The post-hoc analysis of the OPTIC trial explored the effects of neutralizing antibodies on patients treated with ADVM-002.
Findings from a post-hoc analysis of the phase 1 OPTIC trial show that patients with neovascular age-related macular degeneration (nAMD) with high levels of neutralizing antibodies (NAbs) to the adeno-associated viral vector used in the gene therapy ADVM-002 were more likely to have robust protein expression and sustained improvements in central subfield thickness, among other benefits.1
The findings were presented at the 2022 Association for Research in Vision and Ophthalmology (ARVO) Annual Meeting, taking place in Denver, Colorado May 1-4, 2022 and virtually May 11-12, 2022.
"These new data give us important insight into the high levels of efficacy that wet AMD patients experience following treatment with ADVM-022, particularly among those whose baseline levels of NAbs are below 1:125," said Szilárd Kiss, MD, Bob and Dolores Hope – Robert M. Ellsworth, MD Distinguished Associate Professor in Ophthalmology and lead author of the study, in a statement.2 "We continue to seek ways to address critical areas of unmet needs in wet AMD patients and caregivers by decreasing the treatment burden from frequent anti-VEGF injections, which are the current standard of care.”

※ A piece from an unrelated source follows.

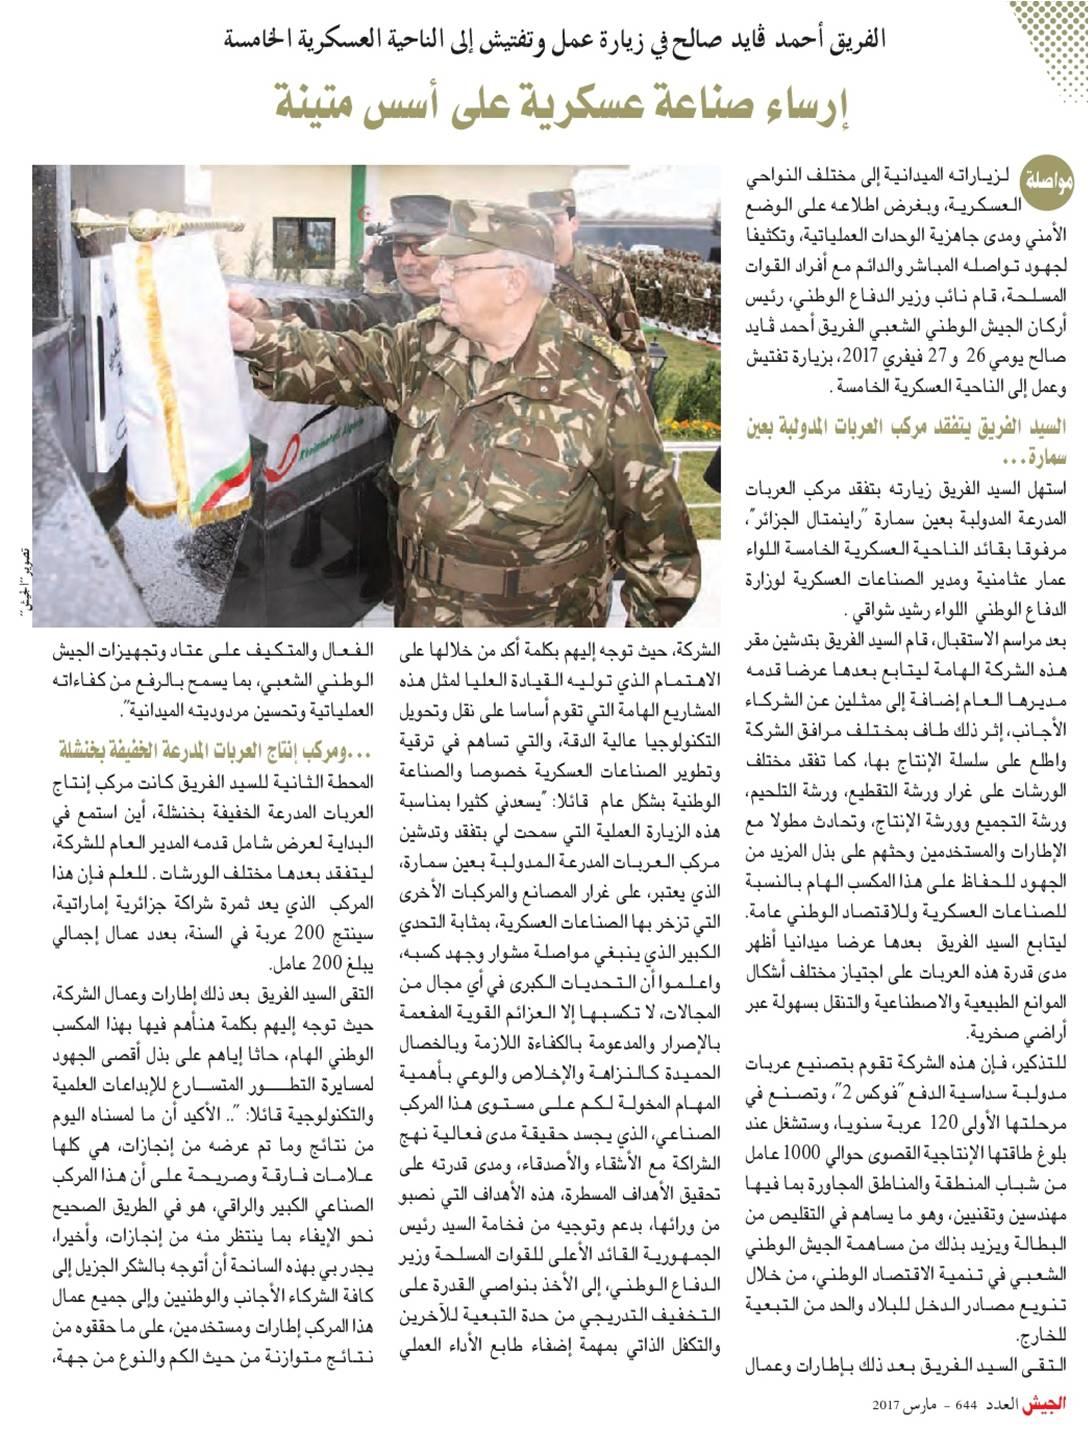 الصناعة العسكرية الجزائرية ... مدرعات ( فوكس 2 ) - صفحة 6 32596375474_264936ea7b_o

The phase 1 OPTIC trial assessed safety, tolerability, and efficacy of a single intravitreal injection of Adverum Bio’s ADVM-002 (AAV.7m8-aflibercept gene therapy) in patients with nAMD. The open-label, dose-ranging study included 30 participants assigned to 2 dose levels, 6x1011 vg of ADVM-022 (n=15) or 2x1011 vg of ADVM-022 (n=15), with NAbs inclusion criteria of <1:5 within 6 months prior to ADVM-002 treatment for cohort C1 (n=6) or <1:125 for cohorts C2-C4 (n=24).

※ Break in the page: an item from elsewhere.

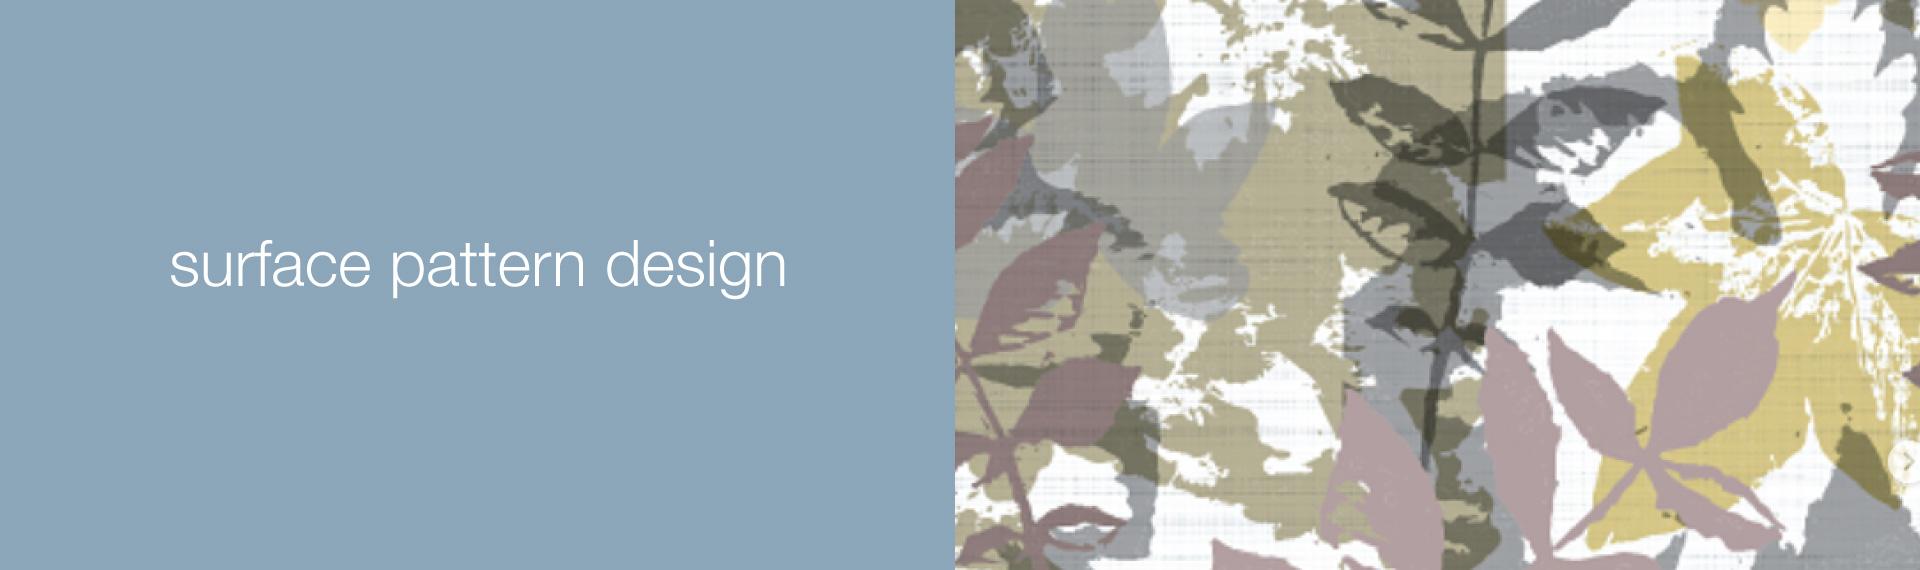 gem-website-page-headder-images-sp4.jpg

As of the data cutoff, median follow-up ranged from 60 to 104 weeks for cohorts C4 through C1, respectively. Of those who received the first or second dose level, 89% and 67% had baseline NAbs of <1:125. At follow-up, 12/15 and 8/15 patients who received 6x1011 vg of ADVM-022 or 2x1011 vg of ADVM-022 remained anti-vascular endothelial growth factor (VEGF) injection-free, with mean annualized injection frequency reduced by 97% and 81% in each dose group, respectively. In those with NAbs <1:125, reductions in mean annualized anti-VEGF injection frequency were 97% and 93% in the 6x1011 and 2x1011 dose groups, respectively.

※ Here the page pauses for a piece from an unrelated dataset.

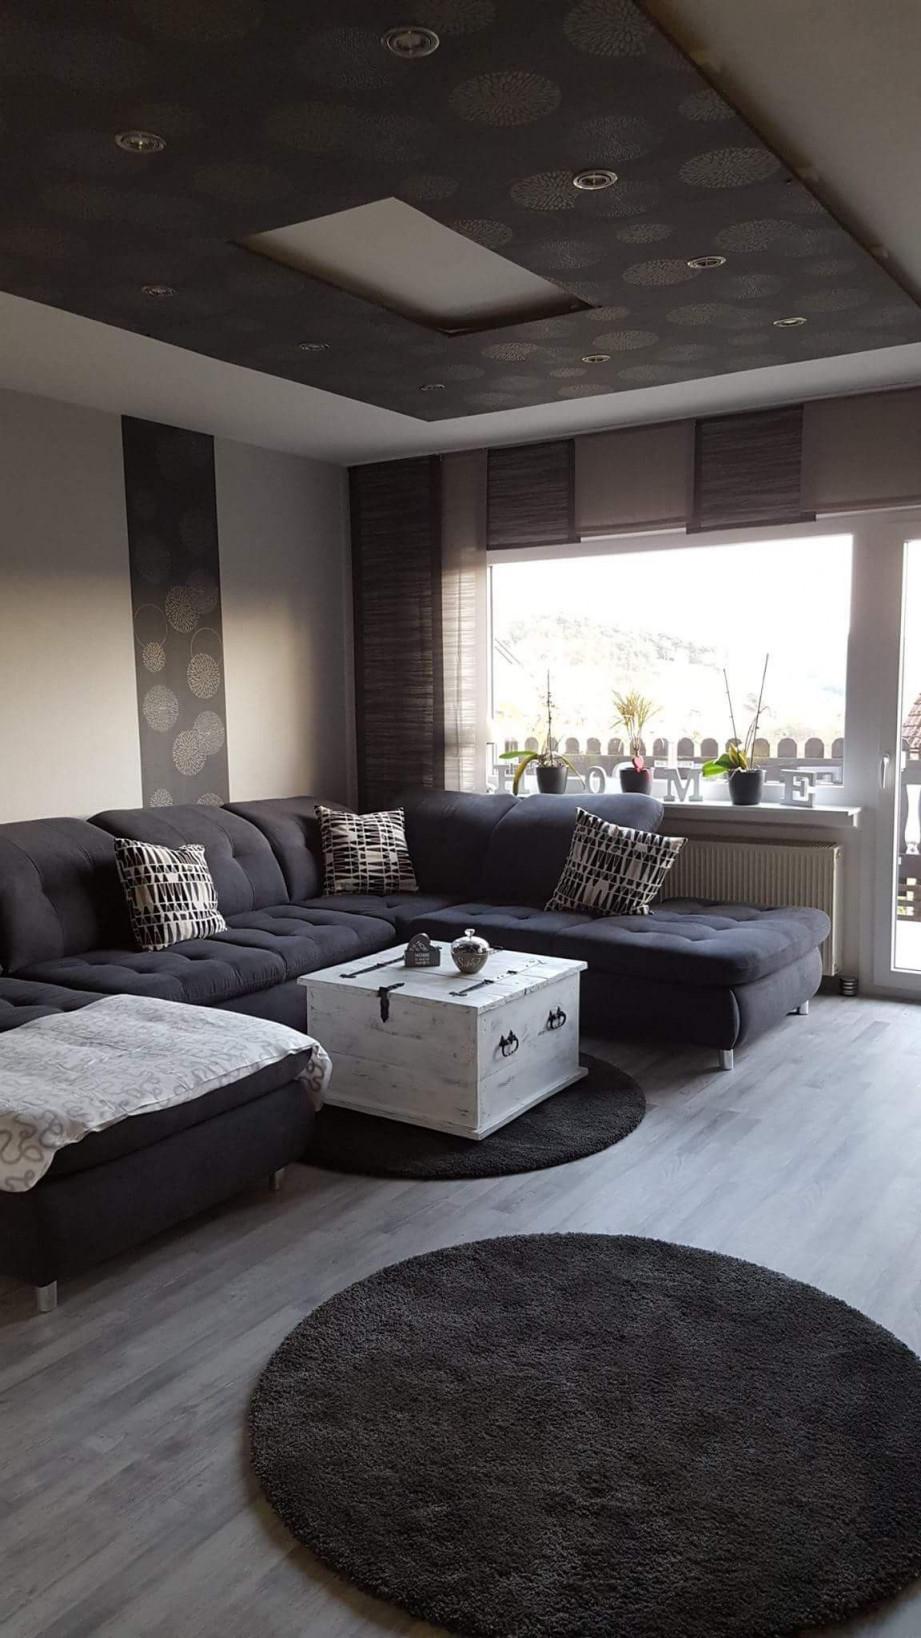 Verfuhrerisch Wohnzimmer In Grau Einrichten Beige Ideen von Wohnzimmer Ideen Weiss Grau Bild

Among those with baseline NAbs <1:125, more robust aflibercept protein expression levels were observed as well as sustained improvements in central subfield thickness compared with those with a baseline NAbs of >1:125. No correlations with safety were observed based on baseline NAbs levels.
Although both doses were well-tolerated, patients in the 2x1011 vg/eye dose required less topical corticosteroid therapy to alleviate inflammation, and NAbs levels were generally not associated with occurrence or duration of inflammation.
Based on the previously presented findings from the OPTIC trial, Adverum plans to initiate a phase 2 clinical trial further examining the 2x1011 vg/eye dose of ADVM-002 as well as a new lower 6x1010 vg/eye dose, with new local and systemic steroid regimens. With a target enrollment of 70 patients with wet AMD, Adverum hopes to dose its first participant in Q3 of 2022.